Some 40 years ago, it was not unusual for patients diagnosed with lung cancer to be advised to get their affairs in order and make the best of the time they had left. Lung cancer remains the leading killer of Americans, accounting for 27 percent of all cancer deaths. But these statistics continue to improve.
LMC is participating in an important clinical trial called Lung Cancer Master Protocol (Lung-MAP), which uses a targeted genomic profile screening to match patients with compatible studies of investigational new drugs. This screening improves the likelihood that a patient with advanced cancer that has not responded to other therapies can receive a drug targeted at the genetic profile of their specific tumor. If successful, the Lung MAP trial may lead to the approval of safer and more effective lung cancer therapies.
“I came to Columbia specifically to work at Lexington Medical Center because LMC is really one of the best-run hospital systems in the entire Southeast,” Dr. Davis said. “We have a framework in place that will allow us to be successful.”
Already, advances in radiation treatment have greatly improved the patient experience by dramatically reducing the duration and side effects of treatment. At the center of this remarkable trend is LMC’s TrueBeam™ linear accelerator, an image-guided radiation therapy (IGRT) that can deliver more accurate, highly concentrated doses of radiation from every angle to tumors that may be hard to reach with surgery. Because it delivers a faster dose rate than traditional linear accelerators, TrueBeam™ can cut a patient’s time spent receiving radiation in half or more.
Conventional radiotherapy can expose large areas of healthy tissue to radiation over a number of sessions.

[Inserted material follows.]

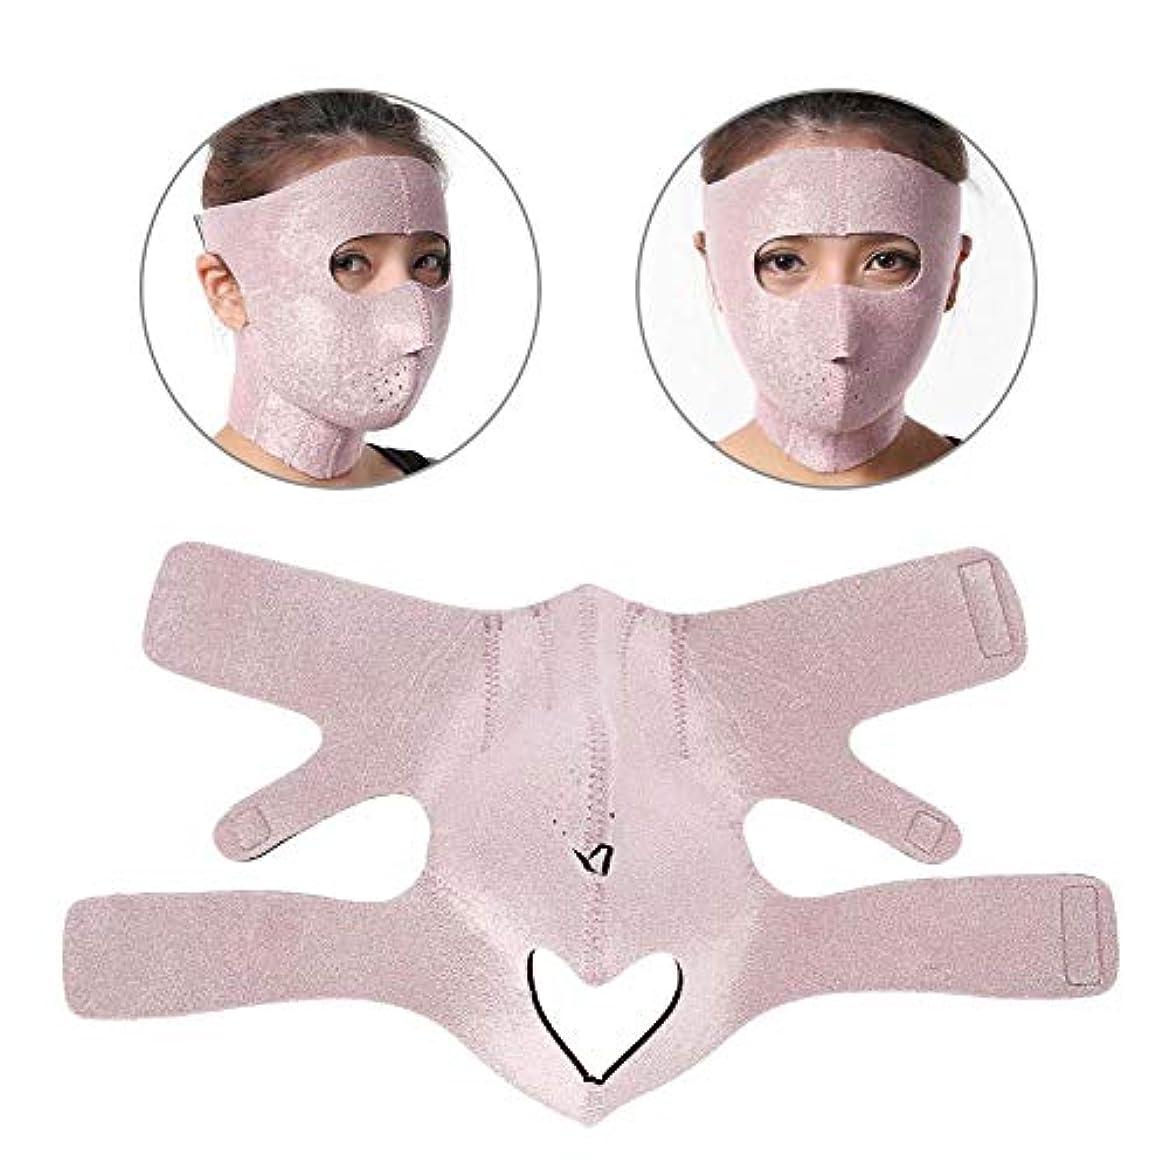 ストローク有能な一時停止顔の輪郭を改善する 美容包帯 フェイスリフト用フェイスマスク 通気性/伸縮性/変形不可

TrueBeam™ delivers radiation only to the desired target, allowing more healthy tissue to be spared. Because of its precision, the patient does not have to endure as many treatments and completes treatment much sooner. In fact, Dr. Davis said that a patient treated with the TrueBeam™ can finish in 1-5 treatments instead of 35-45 treatments.
Surgery was the longtime go-to standard for cancer care. Over the years, surgery has gotten more sophisticated and less invasive, employing laparoscopic technologies that involve the physician making tiny abdominal incisions (usually through the naval) so a laparoscope tube, camera, and other tools can be inserted into the body to allow surgeons to view internal structures on a video monitor and perform procedures. Recovery time for this less invasive method is much shorter than with conventional surgery (hours as opposed to days).
“Probably half of all cancers happen by chance; the patient was simply unlucky,” Dr. Stuart said. “The best screening tests we have are the pap smear and the colonoscopy. Both detect problems early and prevent cancer from developing or growing. The one thing that would really make a dent in colon cancer is if more people got a screening.”
Dr. Davis observed that advanced technology and testing are increasingly available in smaller community hospitals, not just large research hospitals as in the past. “We’ve definitely seen a democratization of these advanced treatments,” he said. “Access is greater than it has ever been.”